The initial management zones were derived using overlays of thematic maps that include, among others, the following sets of valid information:
Wildlife habitat based on elevation gradient as defined in the book of Whitmore;
Settlement and tenure claims;
Existing and proposed projects within and around the PA; and
Management issues and other concerns.
Prior to manual overlaying, the following were the initial criteria used:
Strict Protection Zone (SPZ)– old growth, mossy, forest lands above 50% slope and with 1,000 masl elevation, highly erodible and hazardous areas with high endemism and biodiversity, and existing natural forests below 500 masl, sub-watersheds with drainage system supporting key infrastructure (irrigation system, power) or a major coral reef or fishing ground. The SPZ shall include areas previously categorized as Restoration Zone (RZ). Therestoration zone covers areas that are deforested or highly marginal areas above 50% slope and near major waterways or near or inside critical habitats, areas in highly hazardous areas that are degraded.
Multiple Use Zone (MUZ)/ Buffer Zone – areas that are occupied or cultivated by upland farmers in areas below 50% slope, below 1,000 masl and generally accessible, those areas that are highly suitable for high value agricultural production and for small scale type of orchard or plantation. The MUZ includes Sustainable Use Zone areas that are below 50% slope and 1,000 masl, existing adequately stocked residual forest or plantation forest, area highly suitable for plantations, generally accessible or not threatened by road rehabilitation activities, minimal or few upland clearing and kaingins.
To develop ownership among the different sectors that may be affected by the zoning regime, the derived management zoning map shall be subjected to validation and consultation at various levels. Iteration based on these consultations shall be plotted and re-validated until concerned sectors issued a resolution endorsing the zoning regime.

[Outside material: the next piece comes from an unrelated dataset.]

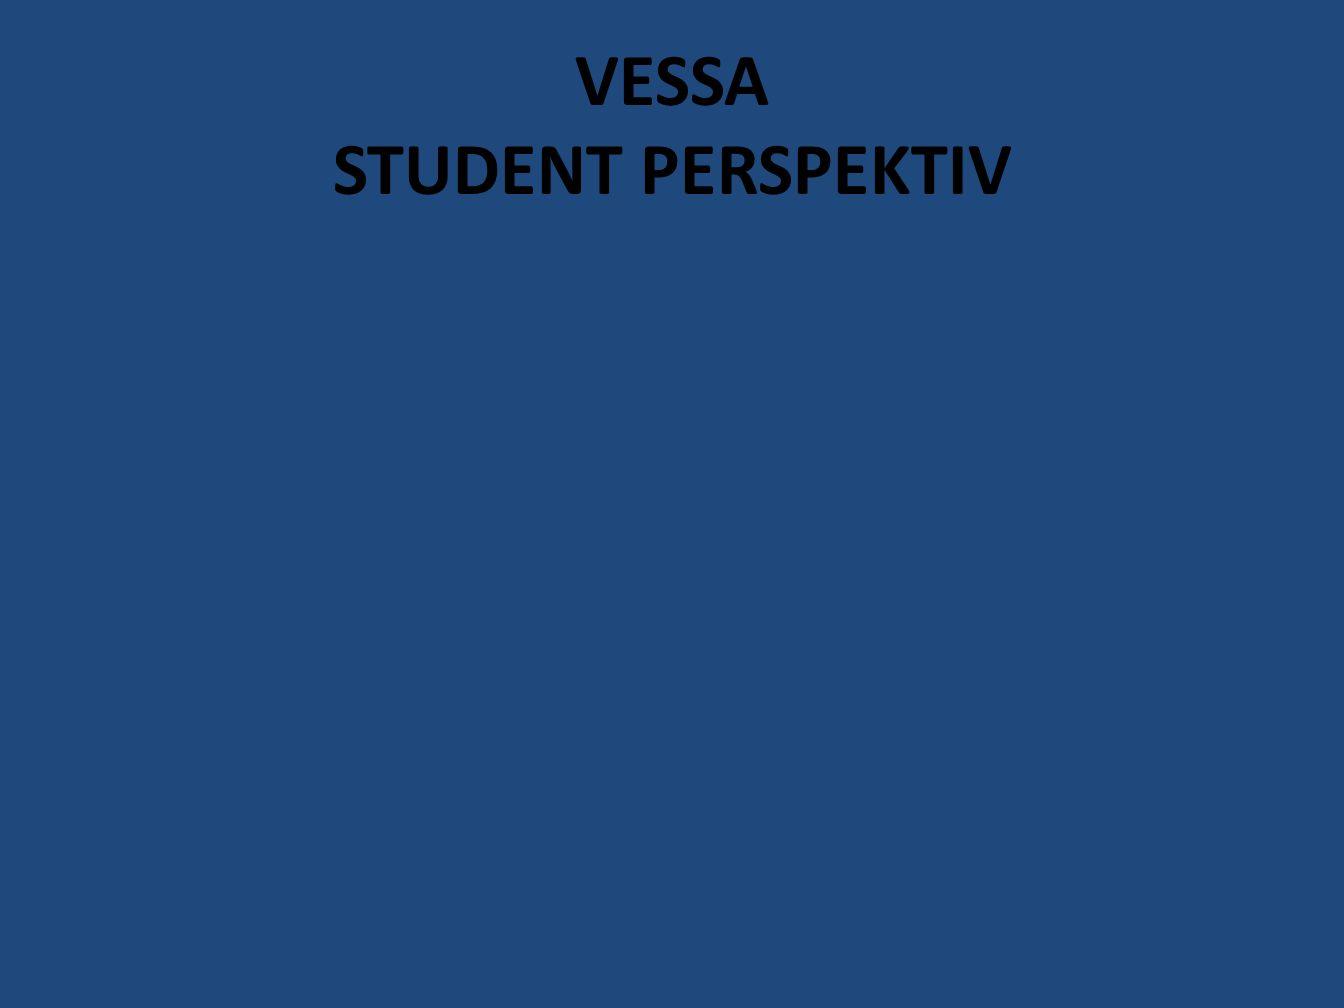 VESSA STUDENT PERSPEKTIV

A “final” zoning map formed part of the General Management Plan for the protected area. But these zones will be eventually re-zoned after successful implementation of the specific management prescriptions for each zone.

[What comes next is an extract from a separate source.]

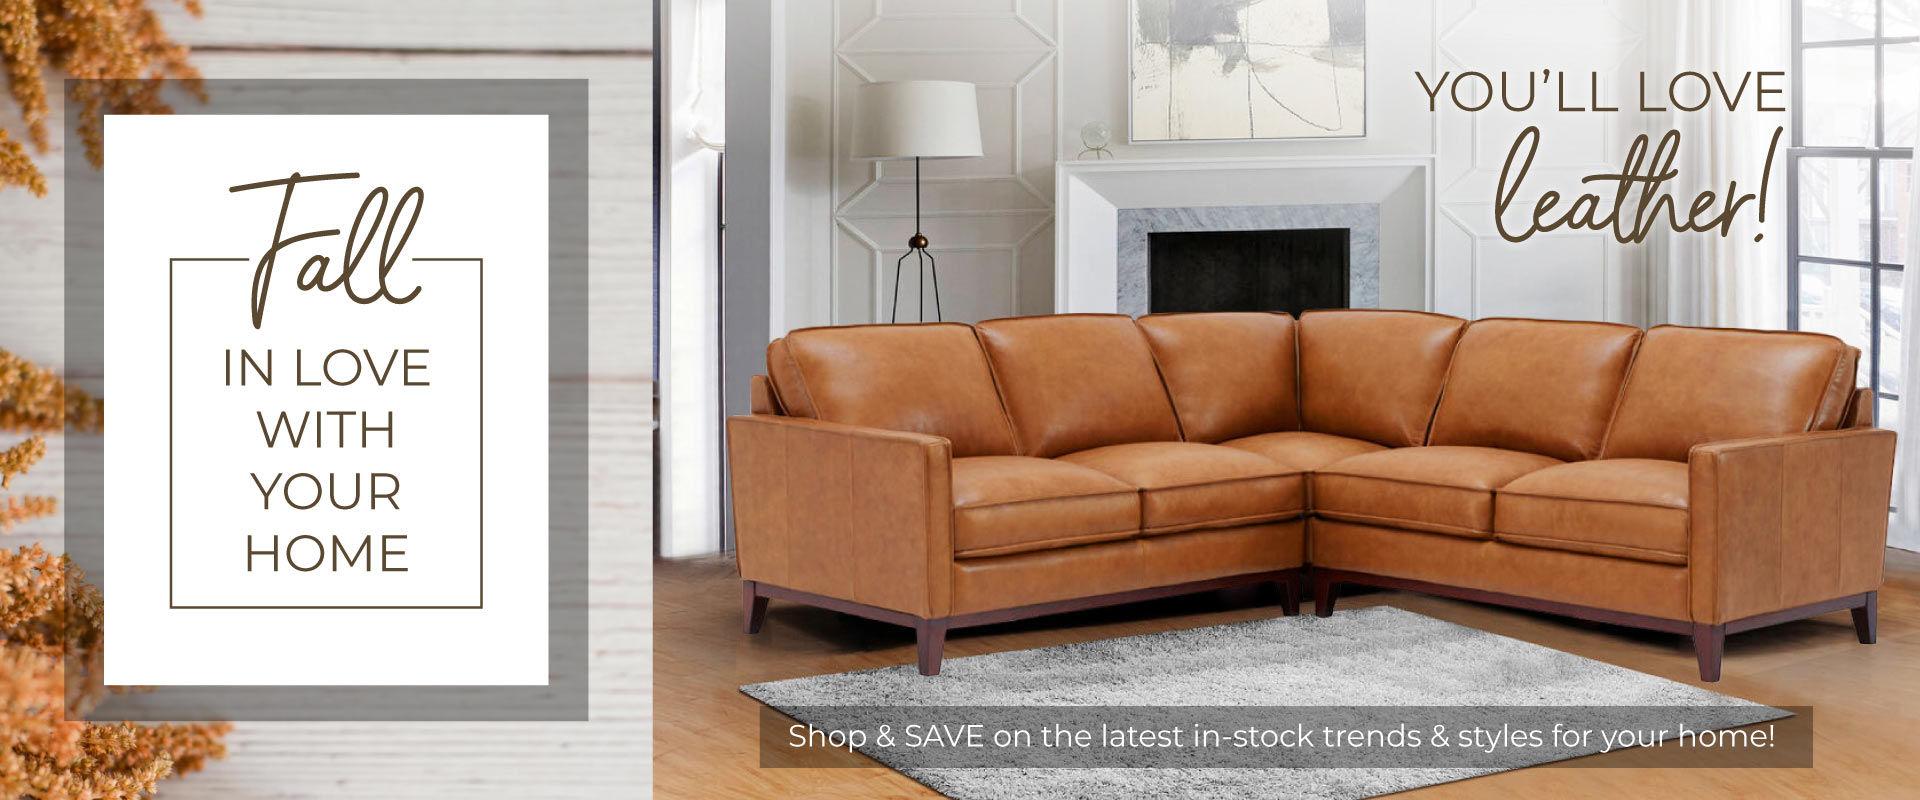 Fall In Love - Leather Furniture

The entire area of BNP will be delineated into different management zones to identify appropriate management units and prescriptions in each zone. The management prescriptions will specify what types of activities can be undertaken in specific areas to ensure the attainment of the goals and objectives of the plan.
Marking of the delineated BNP boundaries and management zone boundaries utilizing indigenous tree species will be undertaken. Concrete post will be installed in key corners of these boundaries. Flowering tree species will be planted to mark the park boundaries permanently.